Elizabeth Wong’s approach is a flat-footed use of flashbacks from the “present” time of Anna May’s reduced status as the landlady to a callow youth (Robert Wedig) to events from her past. Her dialogue—with Anna May often directly addressing the audience—is stilted, her exposition clumsy and her idea of this star a one-note portrait of a thwarted, but forever glossy-and-gleaming-on-the-surface victim of sketchy circumstance. The fact that the Anna May had a drinking problem in later years is one of the few definitive things known about her. In the play, she is often seen waving an empty martini glass about, but, except for a pretty crying jag or two, the real toll of addiction is never revealed.

Inaccuracies also abound in the script, as when Anna May expresses a wish to go “dancing at the Garden of Allah,” which was, in actuality, actress Alla Nazimova’s home and apartment complex, which she also rented out. When she’s cast in her most famous film, Josef von Sternberg’s magical “Shanghai Express,” Wong wonders what its star, Marlene Dietrich, will be like. The two had actually met in Berlin, three years earlier, as a famous, era-defining Alfred Eisenstadt photo of the two of them at a party, with Leni Riefenstahl, no less, proves.

Wong is seen, agonizingly rehearsing a line from “Shanghai Express.” In that film, the real Anna May stole every scene she was in, via a mesmerizing, deadpan smolder, which even outdid the formidable deadpan smolder of Marlene Dietrich.
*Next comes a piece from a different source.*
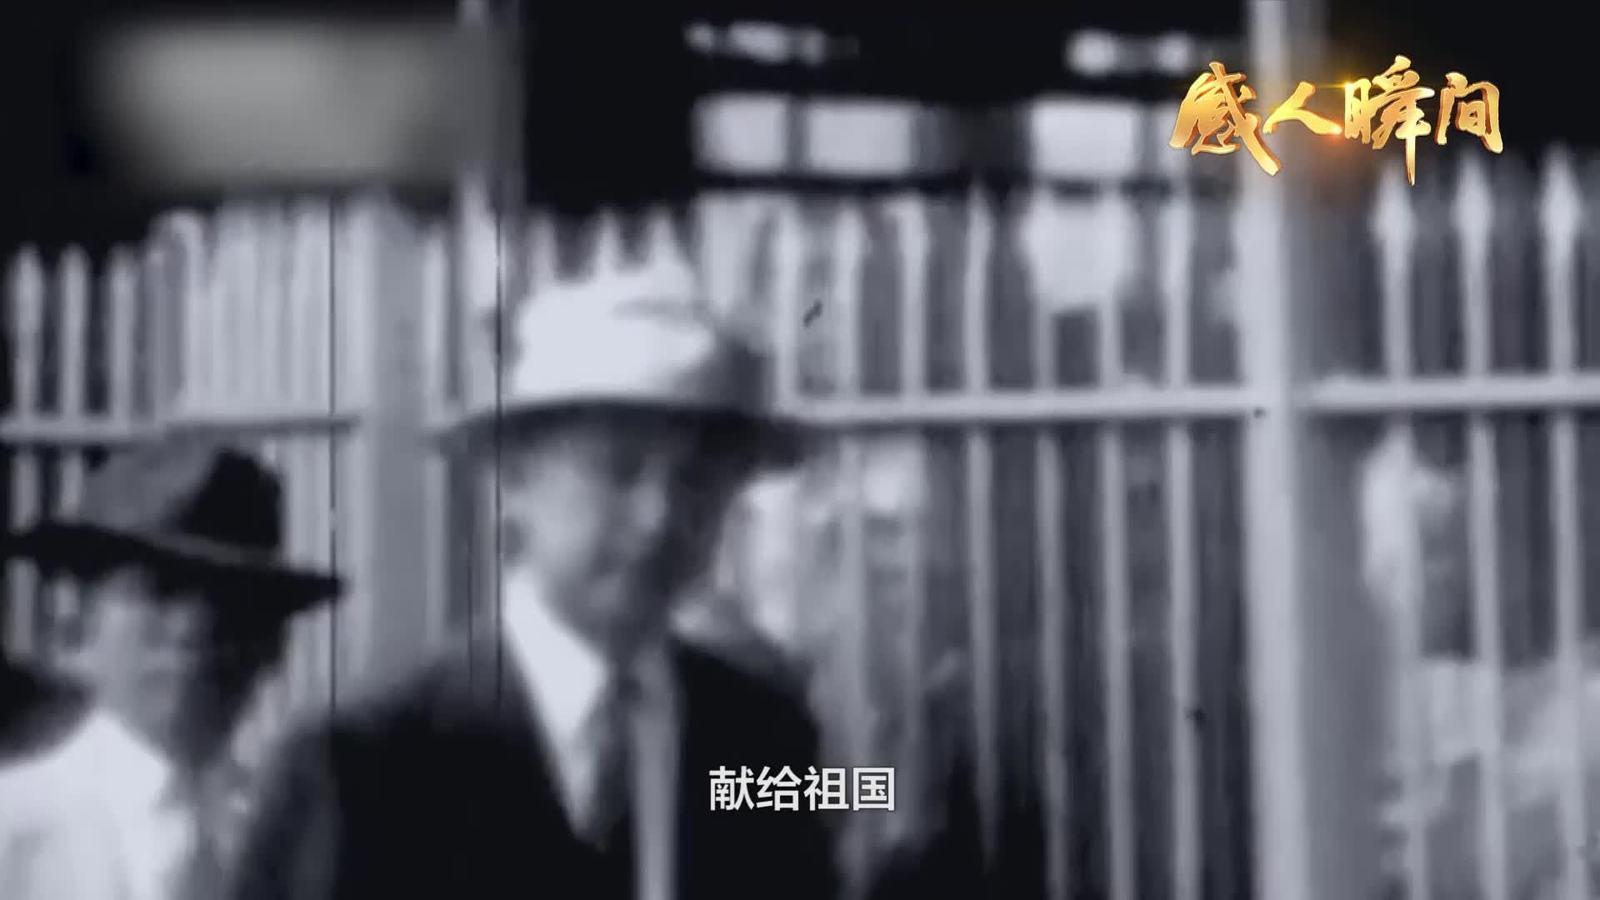 """科學家精神主題""""感人瞬間""""微視頻展播——錢學森"""

When, while playing solitaire, she subtly dismisses the puritanical protestations of a tiresome old biddy, in perfect English rather than the expected singsong pidgin—“I’m not sure if I meet the standards of respectability required by your boarding house, Mrs… Haggerty”—it is, for many Asians, a bracing “fuck you,” on a par with Sidney Poitier’s slapping the crap out of bigots in “In the Heat of the Night.” In the play, writer Wong has her actress repeat the line over and over again but, surely, its singular, dead-shot delivery was coached by von Sternberg, a master of hypnotic linguistic nuance.

Famous people traipse through the show—Wong’s dashing “Thief of Bagdad” star, Douglas Fairbanks (an apt Jamie Cummings); boy genius producer Thalberg, who passed her over and had a heart problem (as if on cue, the multi-part-playing Wedig clutches his chest); and Dietrich, herself, played by Sandy York as a Teutonic Mother Teresa, in the playwright’s misconception of the diva as essential helpmate to Anna May. In reality, Dietrich felt threatened by Wong’s strength in their film.
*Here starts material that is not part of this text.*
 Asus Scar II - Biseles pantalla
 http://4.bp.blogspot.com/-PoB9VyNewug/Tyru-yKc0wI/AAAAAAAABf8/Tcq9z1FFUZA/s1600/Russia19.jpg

More’s the pity because Ma is physically perfectly suited to play the role, possessing the grace and innate elegance of Anna May and a similar cultivated-yet-other voice. But as written, and humorlessly directed by Tisa Chang, Ma performs monotonously, on a single too-declamatory, slightly superior note, regardless of whatever harrowing circumstances. On the plus side, Ruth Zhang has a total, winning authenticity as her earthy, supportive mother.
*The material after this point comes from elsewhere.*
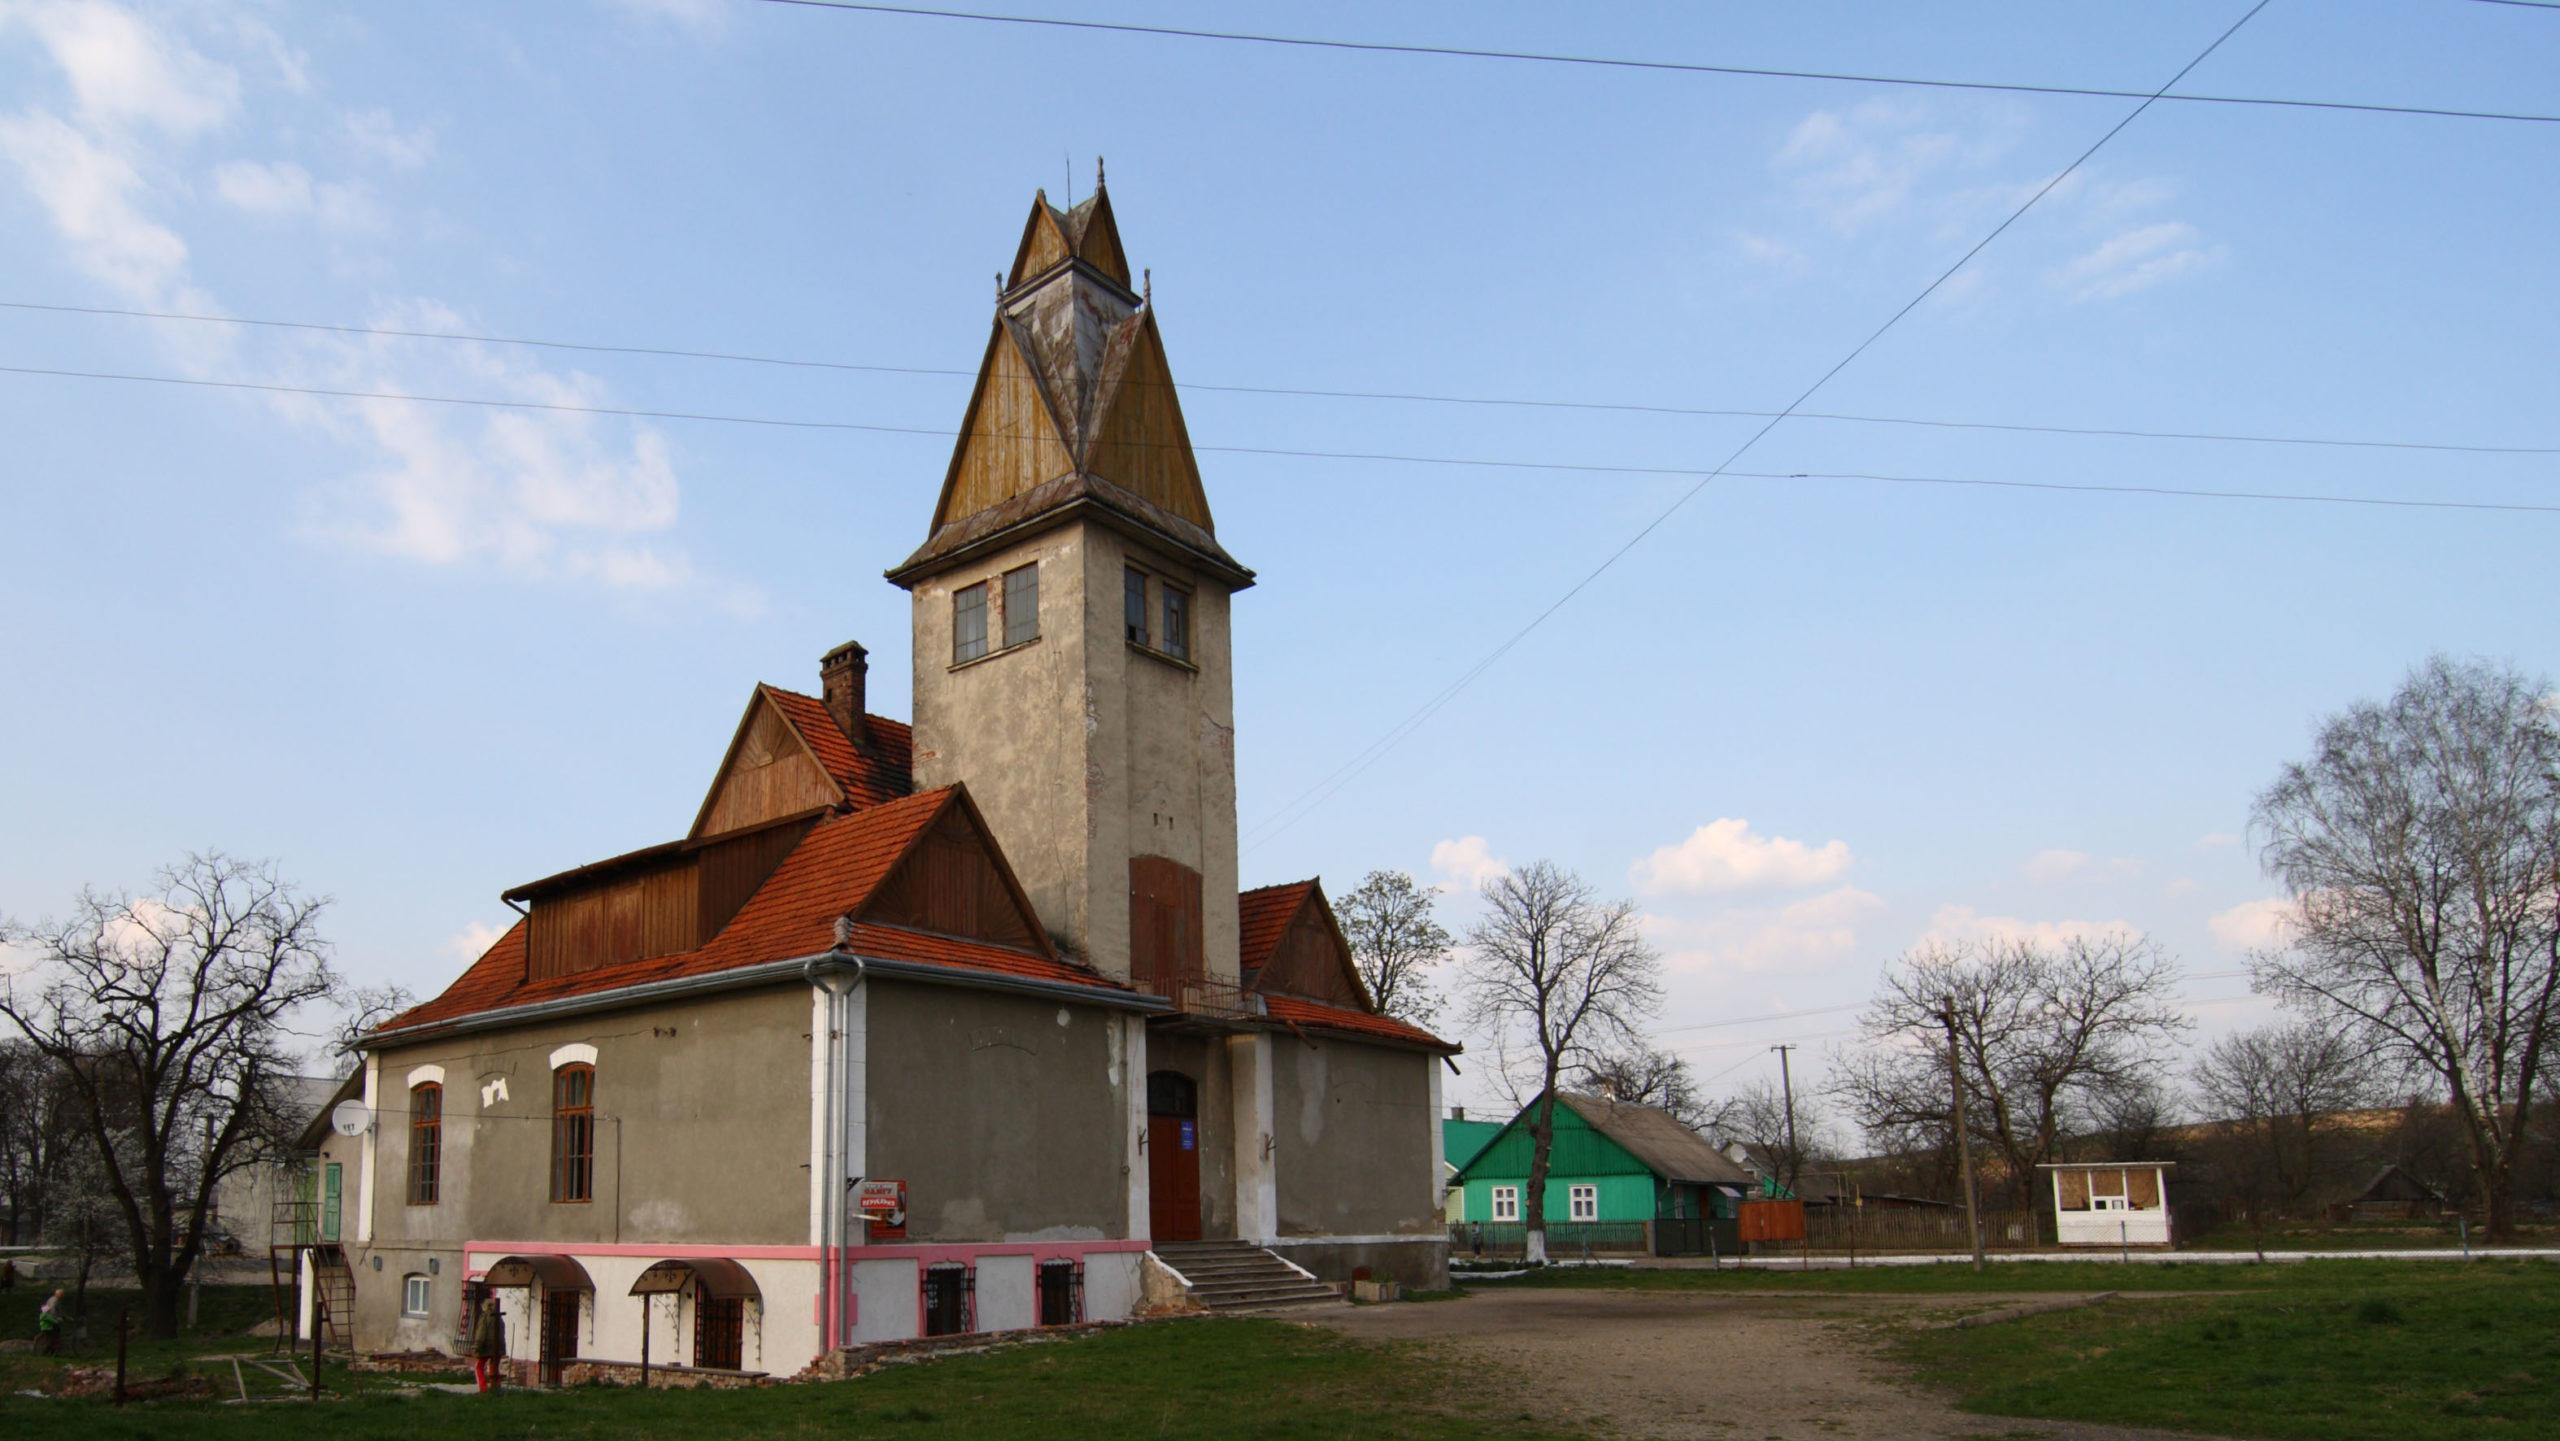 Так ратуша выглядела до начала работ. Фото — Виталий Ищук.

Especially in this case, Pan Asian Repertory Theatre absolutely needs to give its productions some real sets in its somewhat tricky location at the Church of St. Paul and St. Andrew. An empty, gloomy stage with the barest suggestion of background, and the actors forced to mime their business with non-existent props, like dollar bills, place too great a strain on taxed performers. The name “Anna May Wong,” itself, conjures up worlds of luxury and glamour and a lost sophistication; this production is a fleshless skeleton.